# Gun sites....



## Miss.Anthrope (May 30, 2012)

Hey guys,

please delete/move to where its sposed to be if this is wrong.....

I know you cant tell people locations and things on here, but this one i feel i can, as its technically in my garden, and wont be wrecked by yobs or demolished etc and is open to public...... haha!!

This may be of some intrest to some of you (military site people) if your ever in london!

Mudchute park and farm has 4 old gunsites, now.... they have been converted into animal pens,but are pretty much intact/have metal stuff around them.

Bit of history and some links to pics......

During World War II, the docks were a key target for the German Luftwaffe and were heavily bombed. A significant number of local civilians were killed in the bombing and extensive destruction was caused on the ground, with many warehouses being totally destroyed and much of the dock system being put out of action for an extended period. Unexploded bombs from this period continue to be discovered today. Anti-aircraft batteries were based on Mudchute farm; their concrete bases remain today.

We have placed a replica of the original ''ack'' ''ack'' gun on one of the sies it was used on....

http://www.islandhistory.org.uk/index.php?page=11 history of the gun/who used it,and the top pic is the gunsite thats here.

http://tsu-doh-nimh.blogspot.co.uk/2012/05/tower-hamlets-life_15.html the only picture i could find of the gun in the gunsite....so you can have an idea of what they look like!

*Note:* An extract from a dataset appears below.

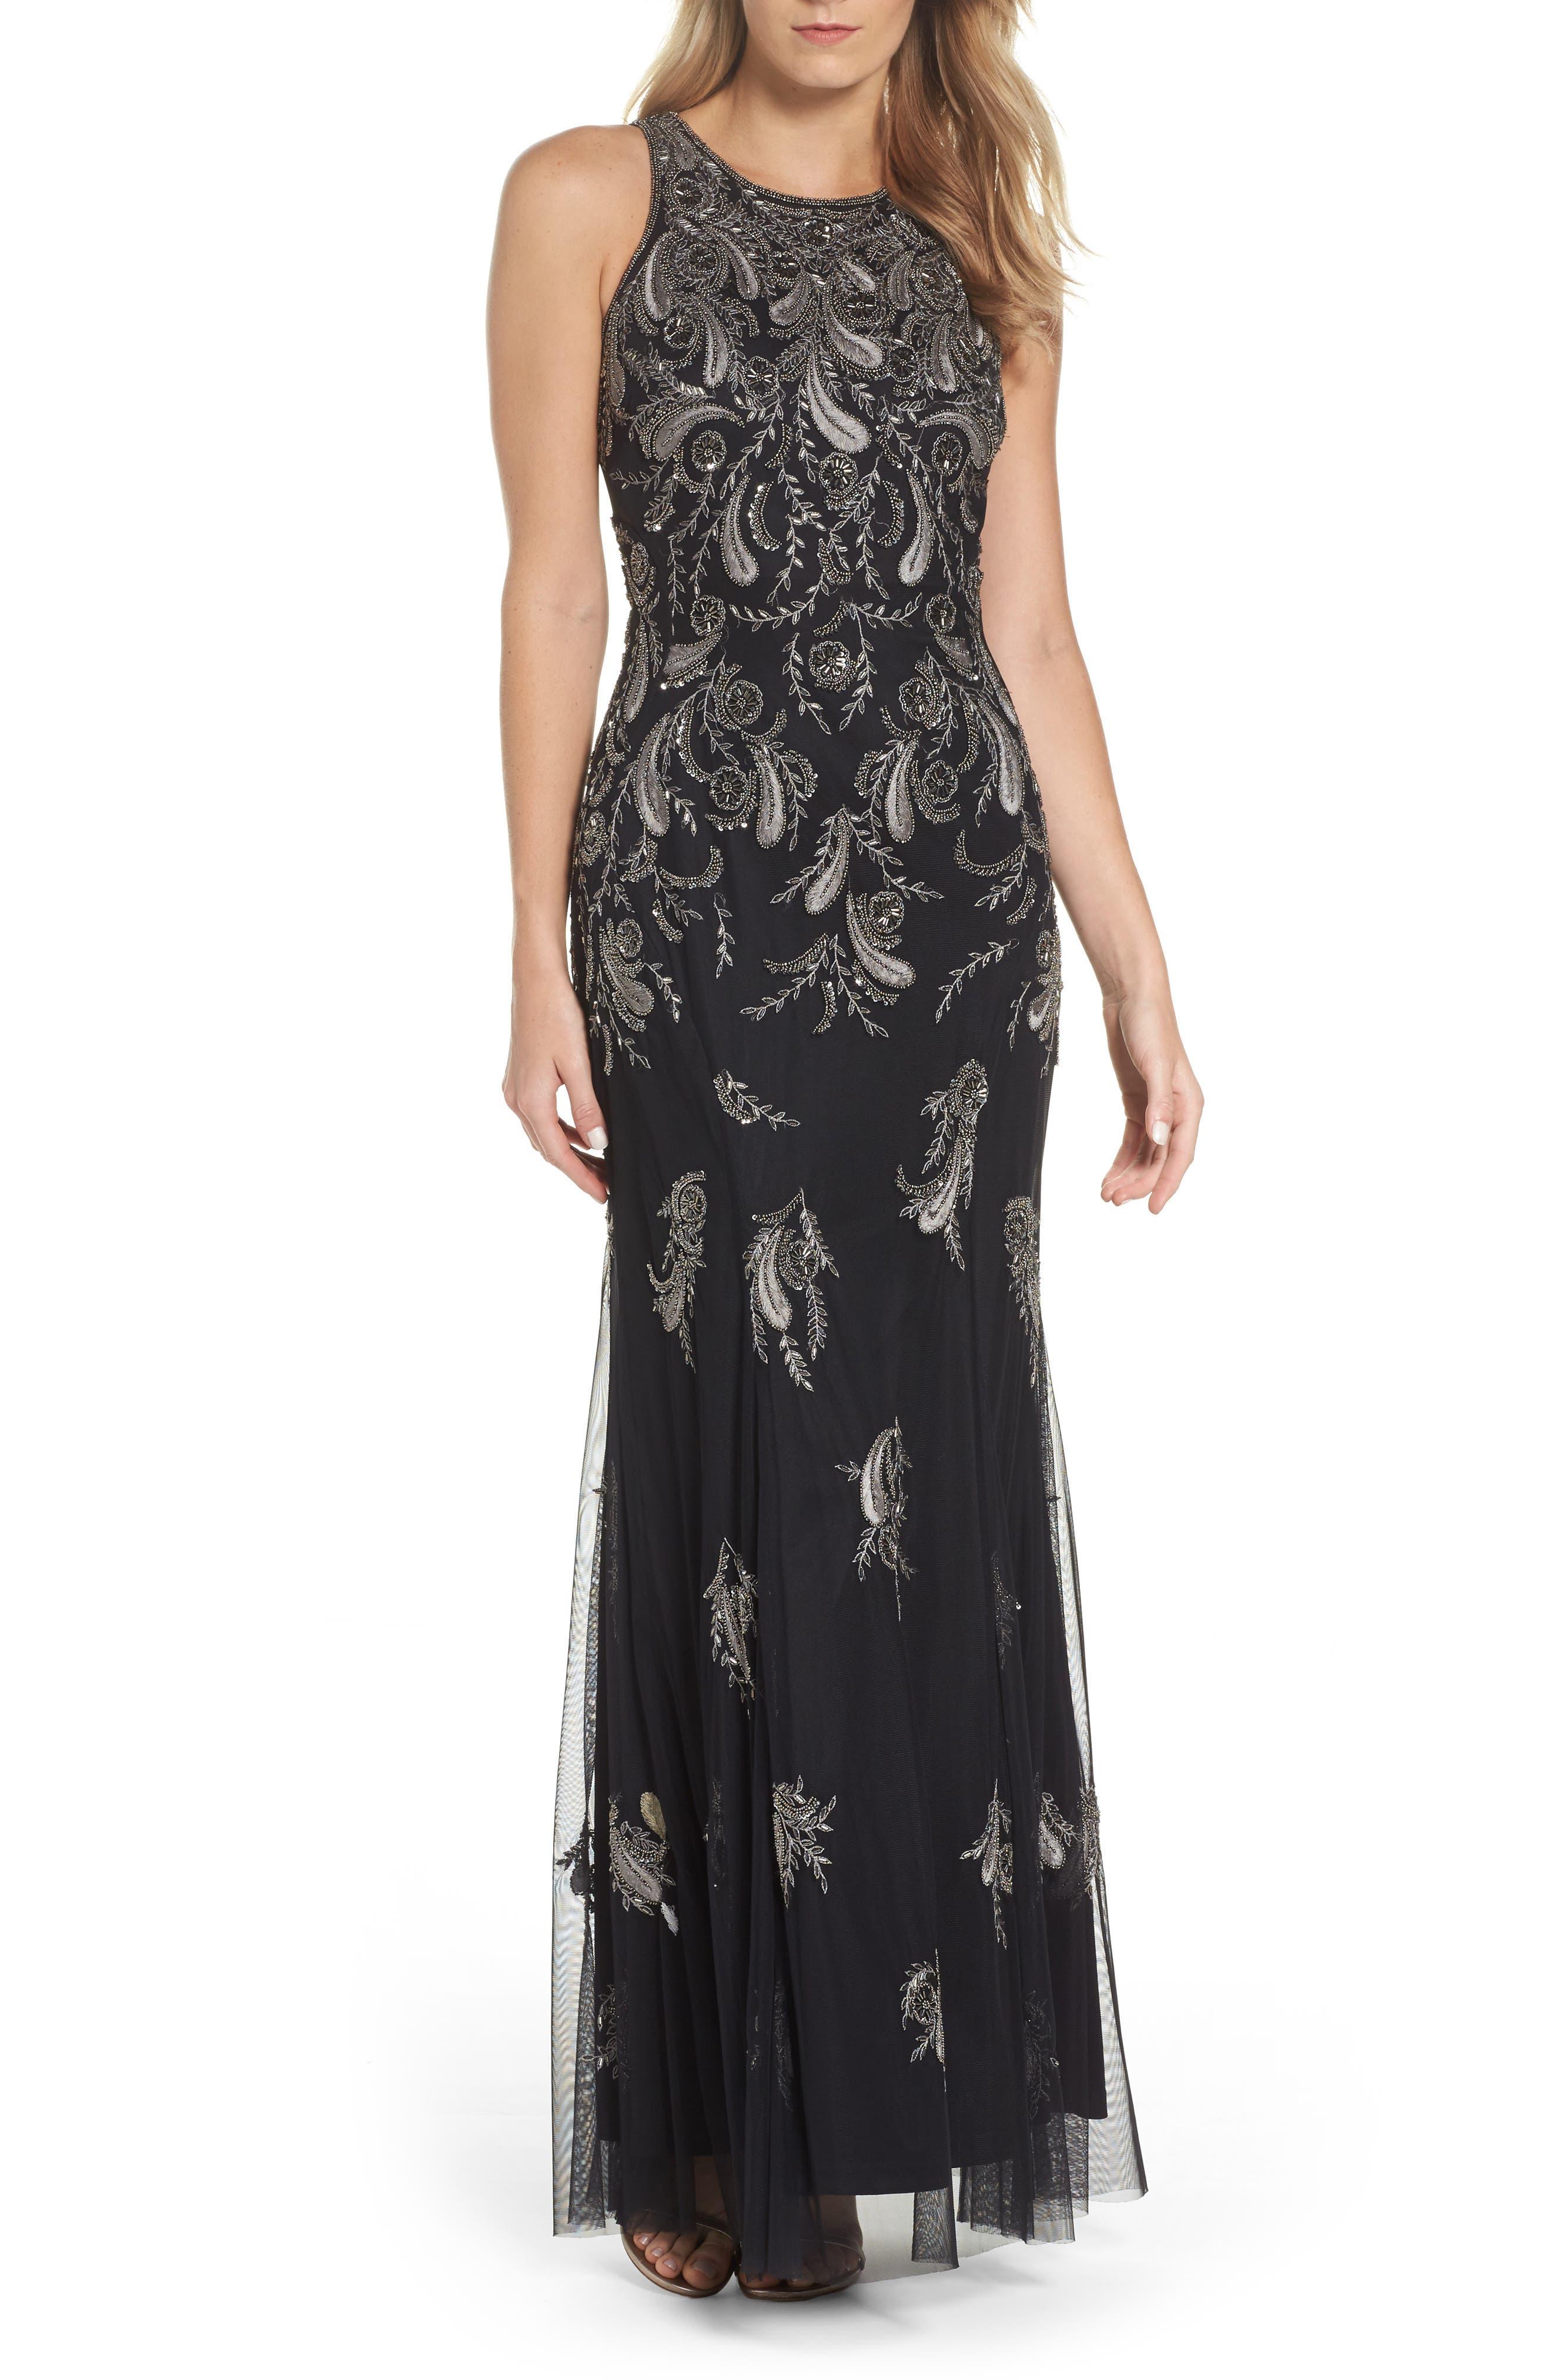 Alternate Image 1 Selected - Adrianna Papell Embellished Sheer Back Maxi Dress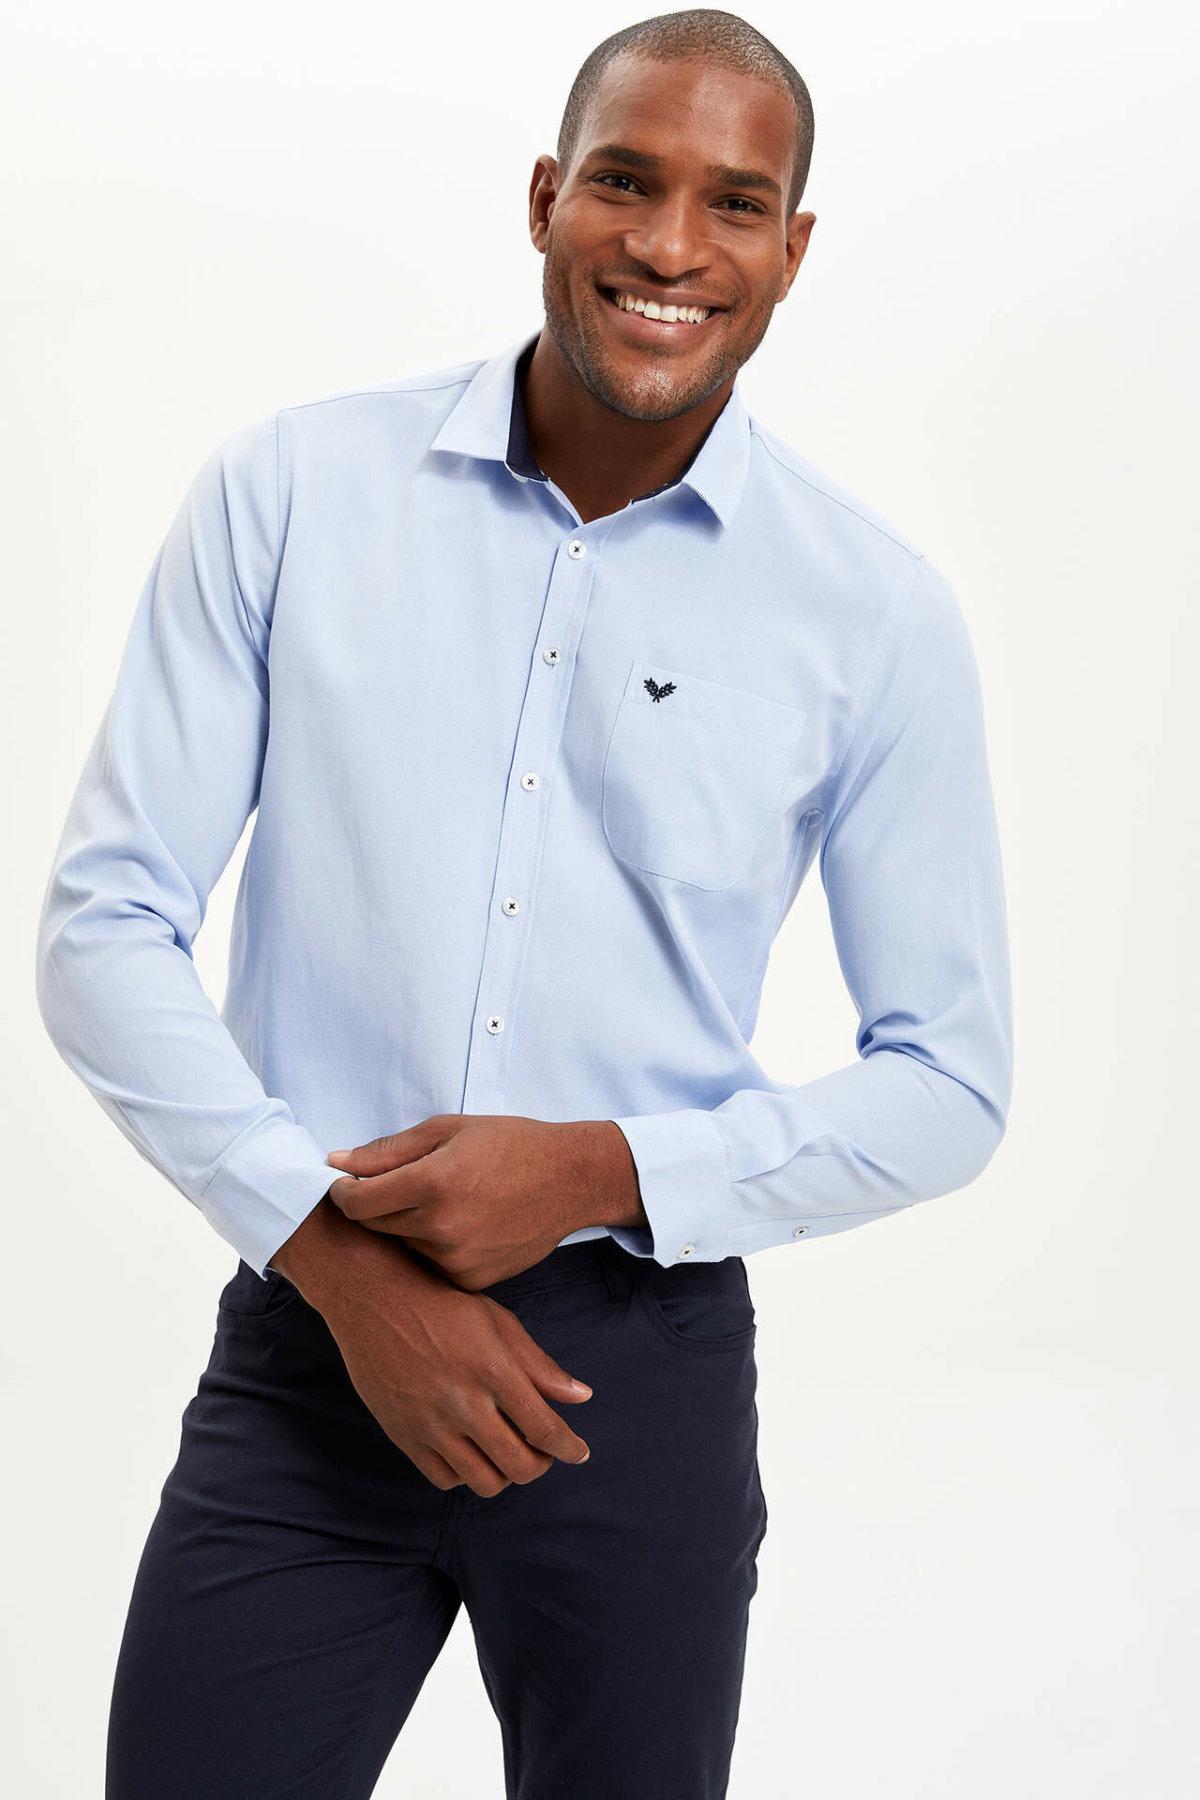 DeFacto Men Formal Solid Shirt Casual Woven Top Long Sleeve Shirt Office Business Wear Top Shirt New - L0671AZ19AU

There is 3 other sites aswell (just without the bug gun! )


----------



## skeleton key (May 31, 2012)

Sounds like BBQ in chelseys garden few beers and a quick splore


----------



## TeeJF (May 31, 2012)

can I borrow the gun? I have an argument to settle with my neighbours...


----------



## Priority 7 (Jun 8, 2012)

Cool who's bringing the brolly as its not really BBQ weather lol


----------



## st33ly (Jun 8, 2012)

I'm not sure that yobs would want to go near your garden if it is armed in such a way!


----------



## Miss.Anthrope (Jun 8, 2012)

Yeah, i dont own a brolly....maybe we have an indoor bbq.....


----------